##### DATA EXCERPTS

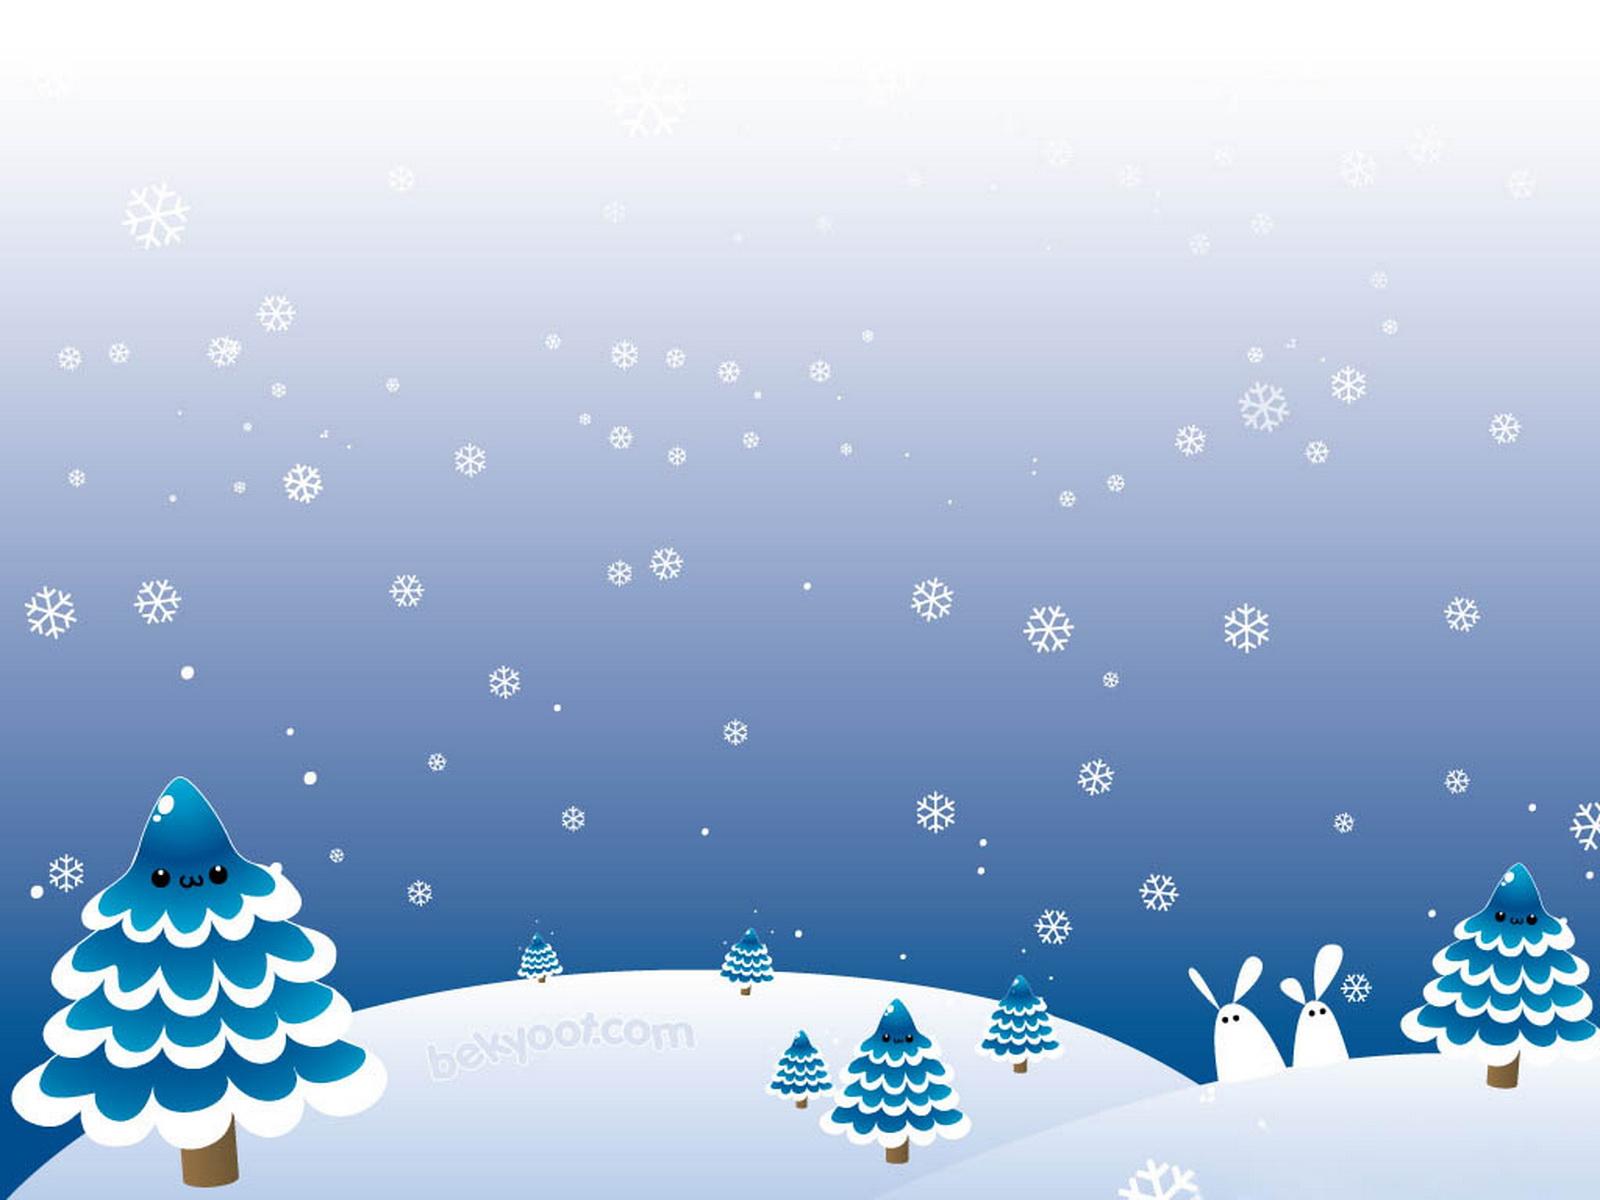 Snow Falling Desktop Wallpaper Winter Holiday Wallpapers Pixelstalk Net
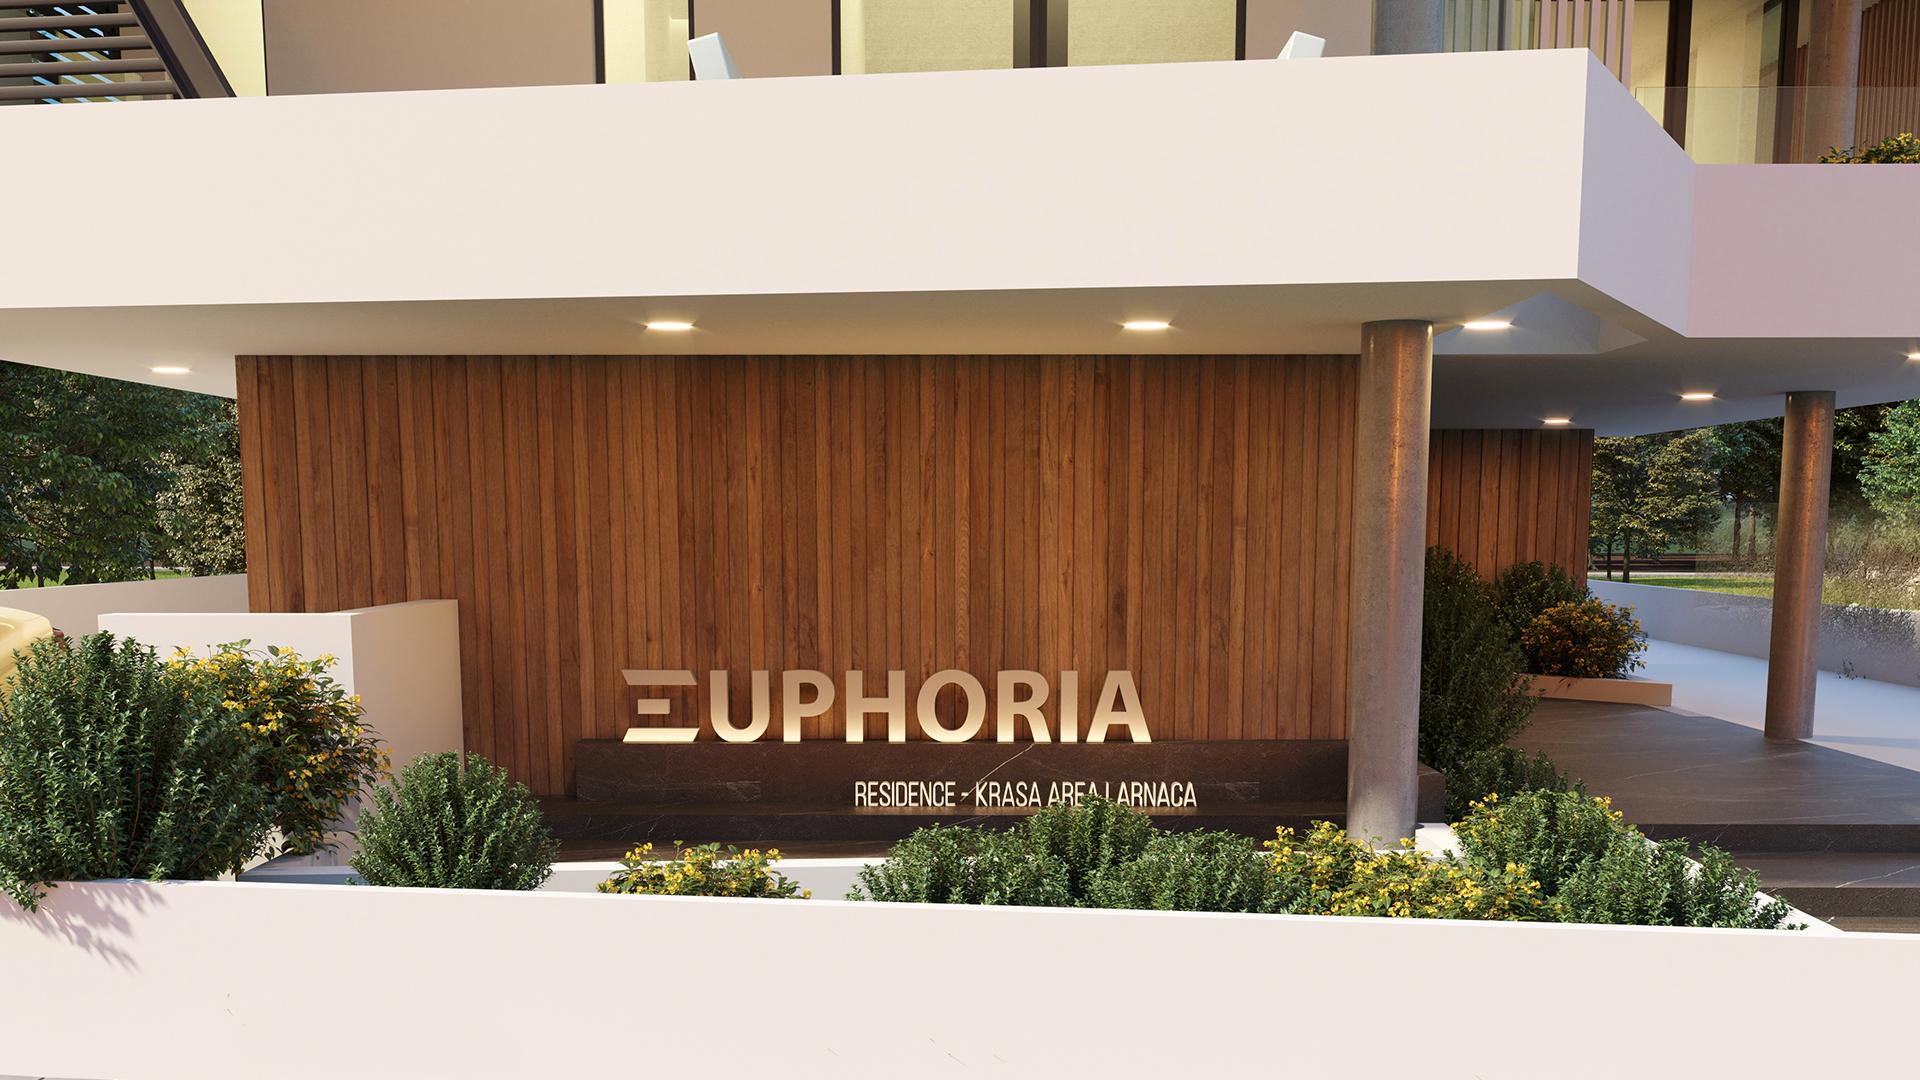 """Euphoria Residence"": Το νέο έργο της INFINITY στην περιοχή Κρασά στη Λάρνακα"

##########
##### DATA EXCERPTS

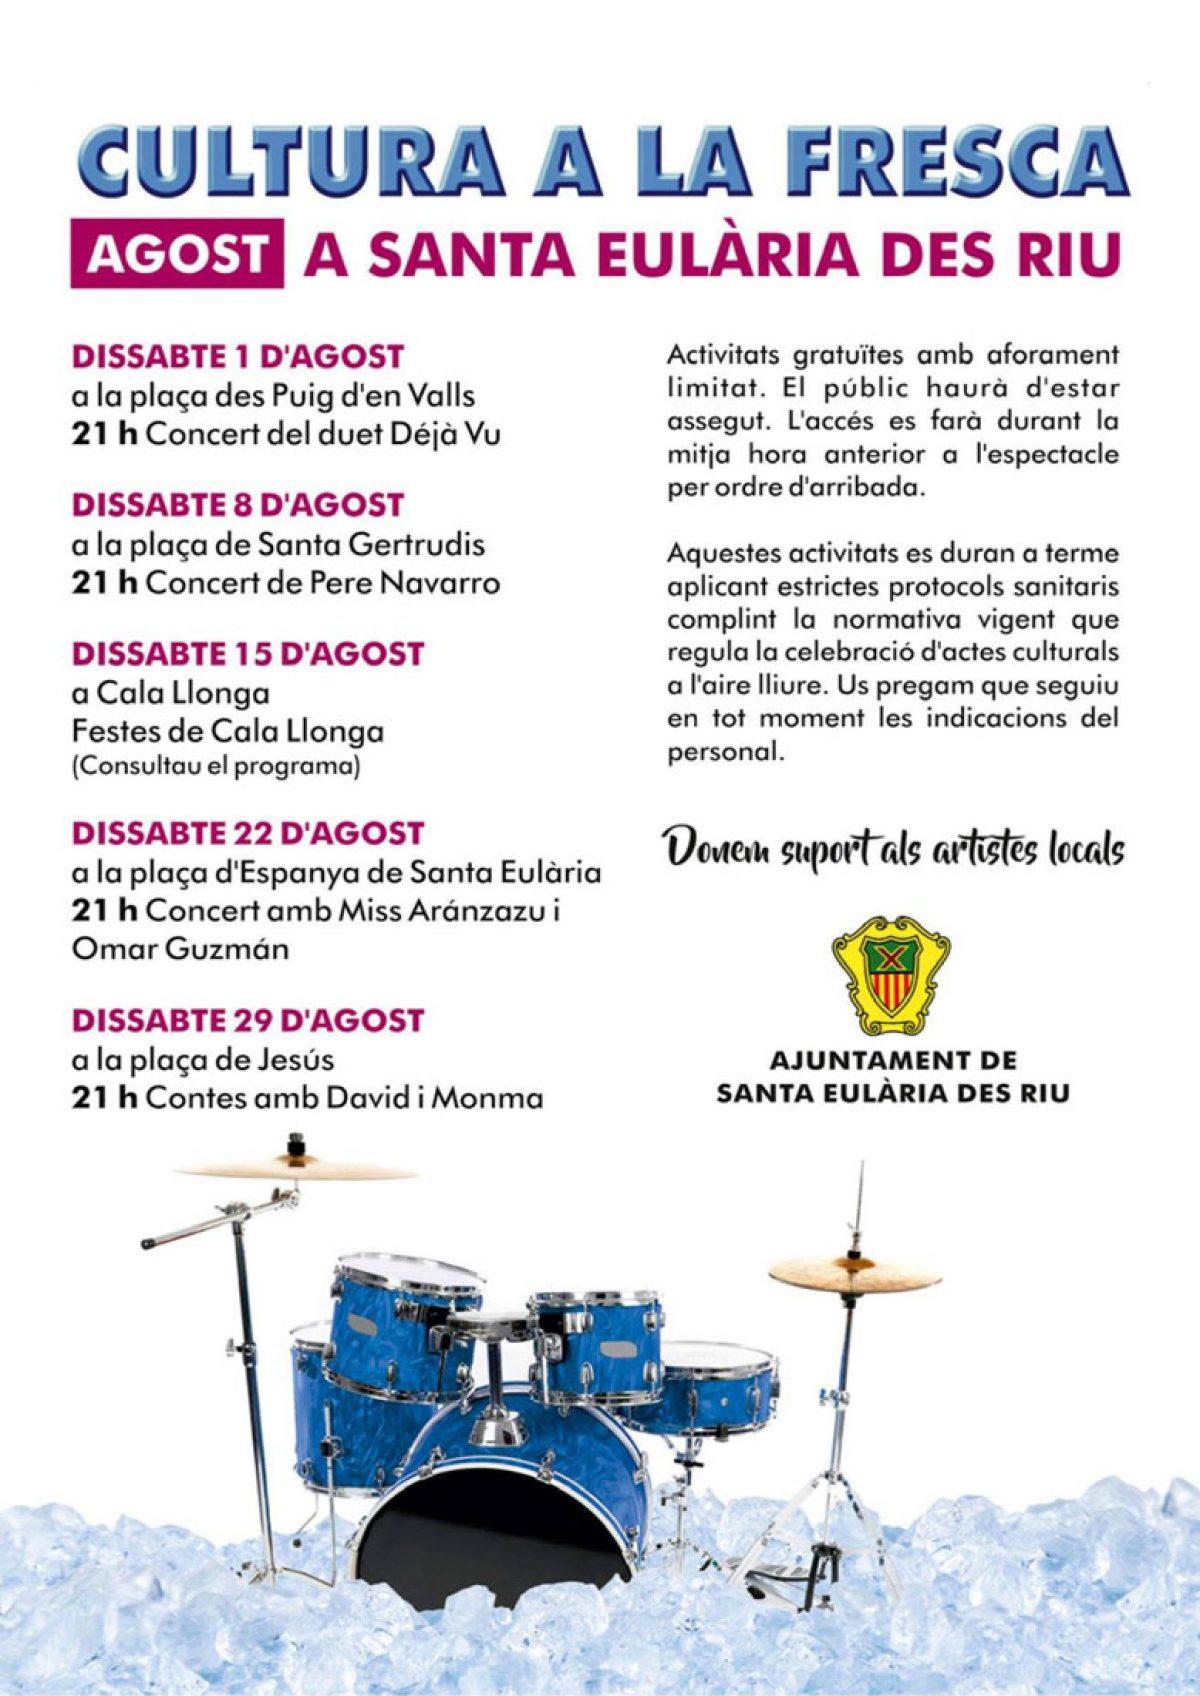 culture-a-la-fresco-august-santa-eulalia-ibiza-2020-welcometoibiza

##########

EXERCISE: What to print is the stretch of entries from the line with "Snow Falling Desktop" up to and including the line with "Το νέο έργο". Please print it exactly and leave out the pictures.

RESPONSE TO THIS TASK:
 Snow Falling Desktop Wallpaper Winter Holiday Wallpapers Pixelstalk Net
 """Euphoria Residence"": Το νέο έργο της INFINITY στην περιοχή Κρασά στη Λάρνακα"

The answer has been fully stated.